Жизнь и гибель Николая Курбова. Любовь Жанны Ней
Шрифт:
— Милочка, а ты какого звания?..
От неожиданности и непонятности вопроса Белорыбова даже всплакнуть хотела.
— Я?.. Я же тебе сказала — в особом Наркомпросе…
— Нет, я про другое… Прежде… Словом, дворянка или мещанка?..
— Папа служил в архиве. Кажется, дворянка…
— Я так и знал — породы не утаишь. Теперь слушай: недели через две твоему Наркомпросу крышка…
Это было грустно, даже в такую ночь. Людмила Афанасьевна печально поглядела на шкафчик, где хранились масло, колбаса и прочее приятное.
— Но почему?..
— Потому что прибудет законный престолонаследник. Я во главе. Я тоже въеду в Кремль. У нас двадцать тысяч «пятерок». Всех чекистов проклятых перевешаем на фонарях. Будут снова звания. Я учиню большой допрос.
От коньяку, от тропиков, а главным образом от объятий Белорыбовой накопилась страшная сонливость. В самый патетический момент она сразила Игнатова,
Щекотнула ласково Игнатова. Тот приоткрыл глаза. Сразу приступила:
— Милый, откажись. Ничего из этого не выйдет. Только расстреляют, а я одна останусь. Лучше день и ночь любить. Хочешь, я тебя устрою в нашем… особом… паек… дрова…
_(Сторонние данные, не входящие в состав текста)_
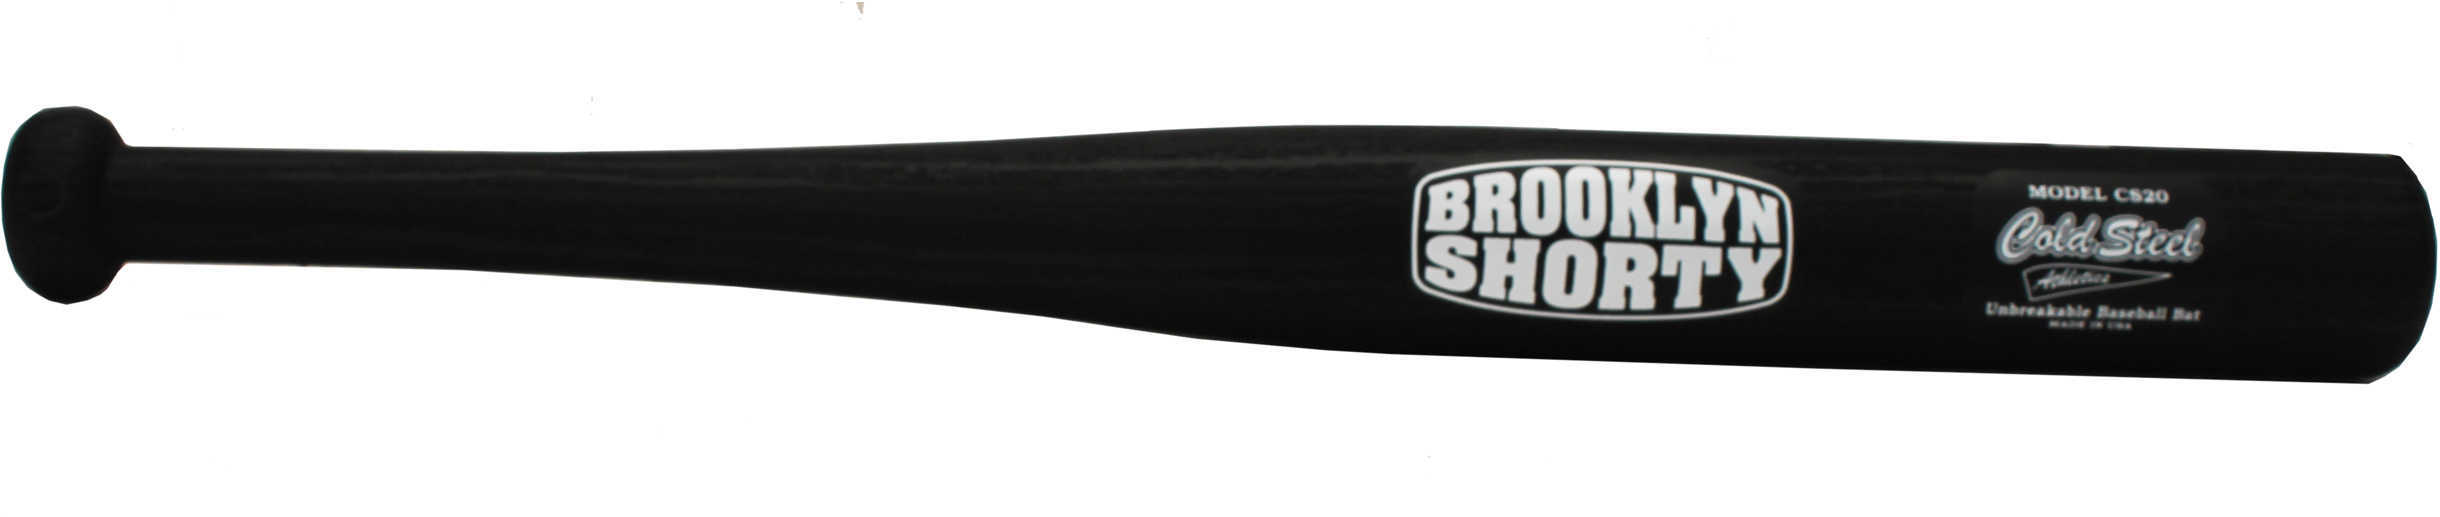 Cold Steel Brooklyn Bats Shorty Md: 92BSTZ

Игнатов возмутился. Даже вскочил и неприступно подтянул слезавшие на пол кальсоны:
— Никогда! Ве-рен престолу.
Но тепло, накопленное под одеялом, приманило (печка уж остывала). Милочка терпеливо ждала. Прилег и, повозившись немного, себя вознаграждая за прерванные сны, уснул.
Теперь Белорыбова знала — упрям, не переспоришь. Но как спасти? Была уже готова записаться сама в эту глупую «пятерку» (погибнут вместе), когда под утро пришла простая, но гениальная мысль. Она откроет все товарищу Курбову и выпросит за это, чтобы Игнатова, малосознательного (молод, случайно втянут в дело), простили. Может, даже его пристроят, на службу в том же отделе. Решив, едва дождалась девяти — вовсе не спала. Тихонько выволокла свои груди, оставив заместительницу — подушку. Затопила печку. Игнатов, оглушенный ночью, прихрапывал. Подумала, целуя осторожно хвостик уса, от храпа подрагивавший: «Милый, маленький, ведь он на службу еще не ходит, я его спасу от злых „пятерок“, устрою, усажу за стол — не спеша бумаги нумеровать и получать паек». Потом написала: «Возлюбленный! Я ушла на службу (опаздывать нельзя, вычитают). На столе для тебя бутерброды, съешь перед тем, как идти, чтоб не натощак. Приходи ко мне вечером. Твоя Венера». Записку положила ему на грудь и, еле оторвав глаза от этой выпуклой, объемистой груди, побежала на Лубянку, быстро, быстро, обгоняя толпы сотрудников с портфелями и с кульками, всех обгоняя, — спасать любовь.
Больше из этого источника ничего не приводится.